SourceForge Headquarters 225 Broadway Suite 1600 San Diego, CA 92101 +1 (858) 454-5900

Hi David,

  I certainly see the how problem you are describing could be a
problem.  Unfortunately I fear the fixes you propose in 1 and 2 are
problematic.

  The reparse-symbol, as used in semantic 1.4 is for tags found inside
other tokens.  I expanded on the original use by adding smarts for
splicing new tags in and out of the master cache, within the
child-list of some parent token. To remove the incremental parser for
child tokens would make the incremental parser nearly useless for
Java, where 90% of the file is taken up by one class.

  More below.

>>> David Ponce <da...@dp...> seems to think that:
>Hi Eric,
>
>While I was hacking WY grammars, I got some problems with the
>incremental parser when adding new tokens between existing ones.
>
>That is when `semantic-edits-change-between-tokens' returns
>something.  Here is a summary:
>
>1. The `reparse-symbol' property can't be retrieved.  After
>    `semantic-edits-change-between-tokens' returned a value the
>    variable `tokens' is set to nil.  So the following statement that
>    retrieve the reparse-symbol always fails:
>
>             (setq reparse-symbol (semantic-token-get
>                                   (car tokens) 'reparse-symbol))
>
>    As, in that case, "The CAR of cache-list is the token just before
>    our change, but wasn't modified.", a solution could be to first try
>    to get reparse-symbol from tokens, then from cache-list, like this:
>
>             (setq reparse-symbol
>                   (semantic-token-get (car (or tokens cache-list))
>                                       'reparse-symbol))
>
>    I tried the above change and it seems to work better.

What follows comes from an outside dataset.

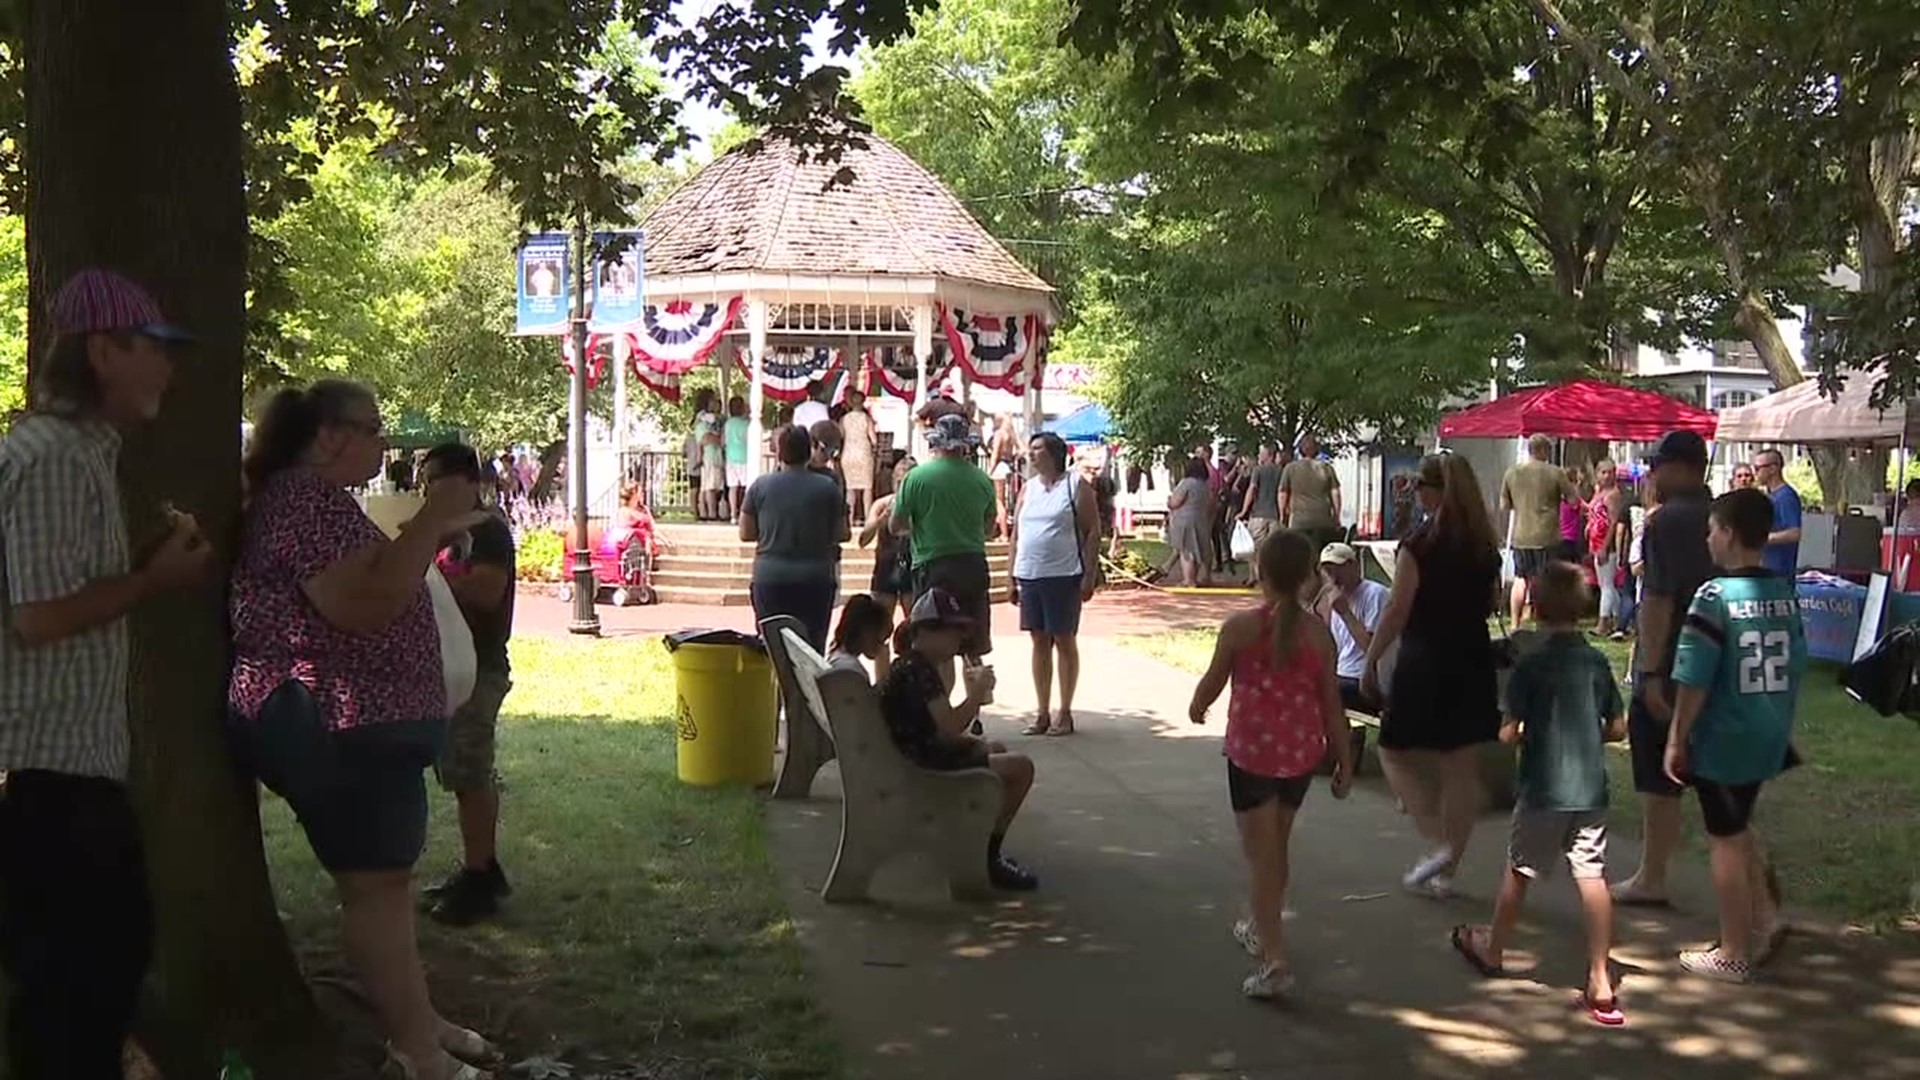 A longtime summer tradition is taking place this week in Northumberland.  Pineknotter Days are back after taking a year off because of the COVID-19 pandemic.

I think having TOKENS be null at this point is a curious problem
caused when editing white-space.  At the same time, if that
white-space is inside some parent, we need to know at what symbol to
start parsing again.  Fortunately, I think your insight in using the
cache list is a good idea.  Those tokens belong to the same lineage
as the white space edited.  If cache-list is nil, we should probably
then go and just mark the parent as the dirty item, or force a full
reparse.  (Not too expensive if there are no tokens in the file. ;)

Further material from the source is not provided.